When the goers go and the stayers stay, when shirts loosen and tattoos glisten, it’s time for the statisticians and the miners and the data scientists to talk, and walk, Big Iron.

R. S-Plus. SAS. Tableau. Stata. GnuPlot. Mondrian. DataDesk. Minitab.   MINITAB?????? Okay, we’ll leave the others to get back to their arm wrasslin’, but if you want to produce high quality graphs, simply, readily and quickly, then Minitab could be for you.

A commercialized version of Omnitab, Minitab appeared in Philadelphia in 1972 and has long been associated with students learning stats, but also now with business, industrial and medical/health quality management and six sigma, etc.
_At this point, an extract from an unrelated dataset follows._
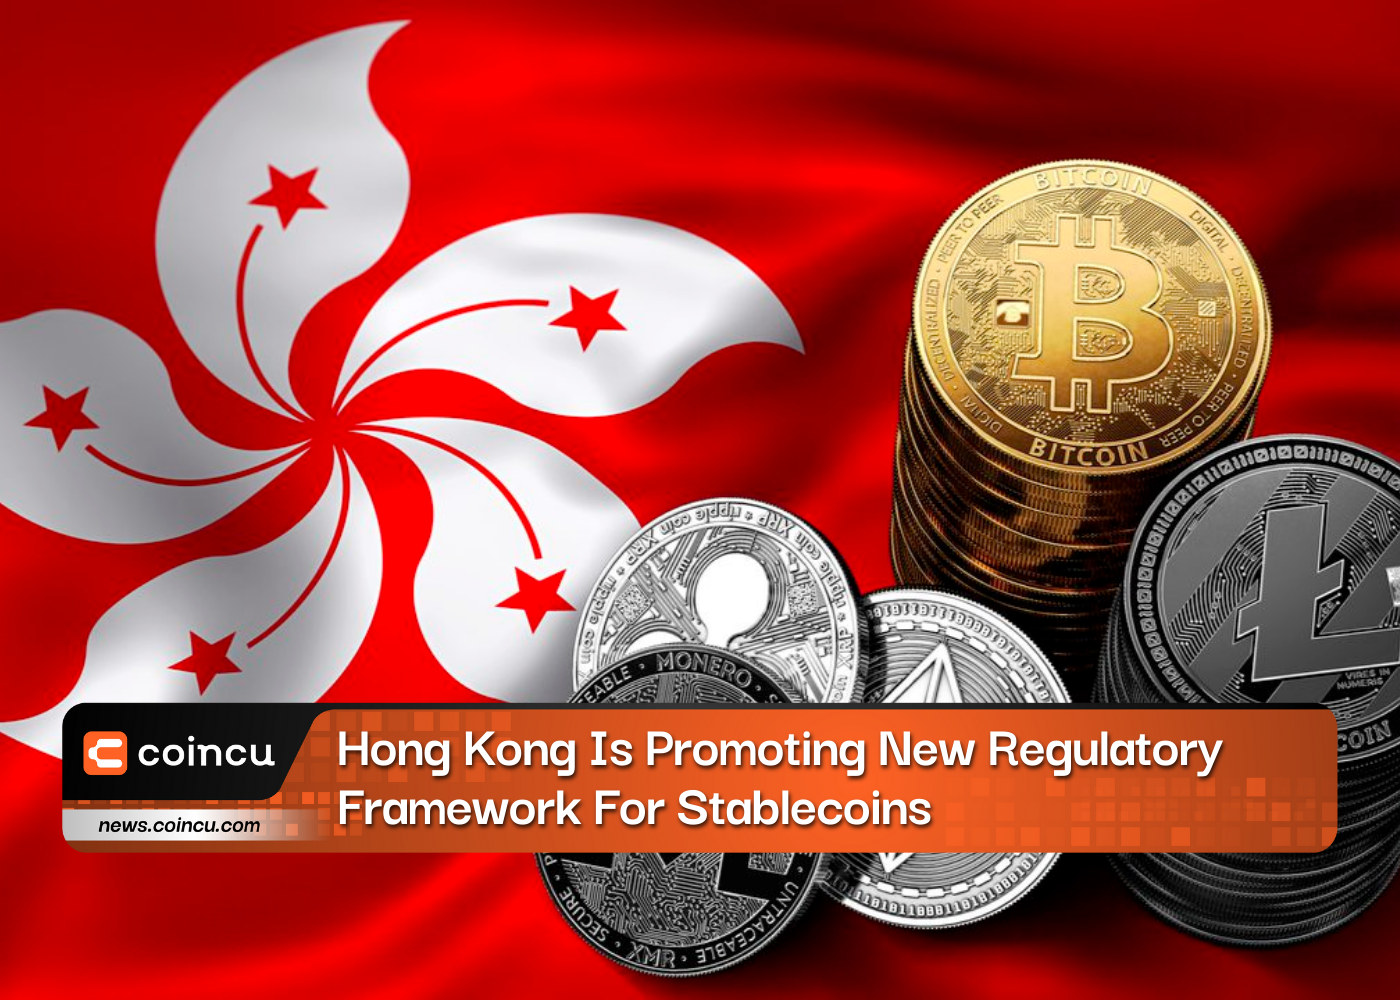 हांगकांग स्थिर सिक्कों के लिए नए नियामक ढांचे को बढ़ावा दे रहा है

There’s some  other real ‘rough and tumble’ applications involving Minitab – DR Helsell’s ‘Statistics for Censored Environmental Data using Minitab and R’ (Wiley 2012), for instance.

IBM SPSS and Microsoft Excel can produce good graphs (‘good’ in the ‘good sense’ of John Tukey , Edward Tufte, William Cleveland, Howard Wainer, Stephen Few & Nathan Yau etc etc), with the soft pedal down and ‘caution switches’ on, but Minitab is probably going to be easier.

For example, the Statistical Consulting Centre at the University of Melbourne uses Minitab for most of its graphs (R for the trickiest ones). As well as general short courses on Minitab, R, SPSS and GenStat there’s a one day course in Minitab graphics in November, which I’ve done and can recommend.

More details on the Producing Excellent Graphics Simply (PEGS) course using Minitab at Melbourne are at

http://www.scc.ms.unimelb.edu.au/pegs.html

student and academic pricing for Minitab is at http://onthehub.com/

What, I wonder, would Florence Nightingale have used for graphic software if she was alive today???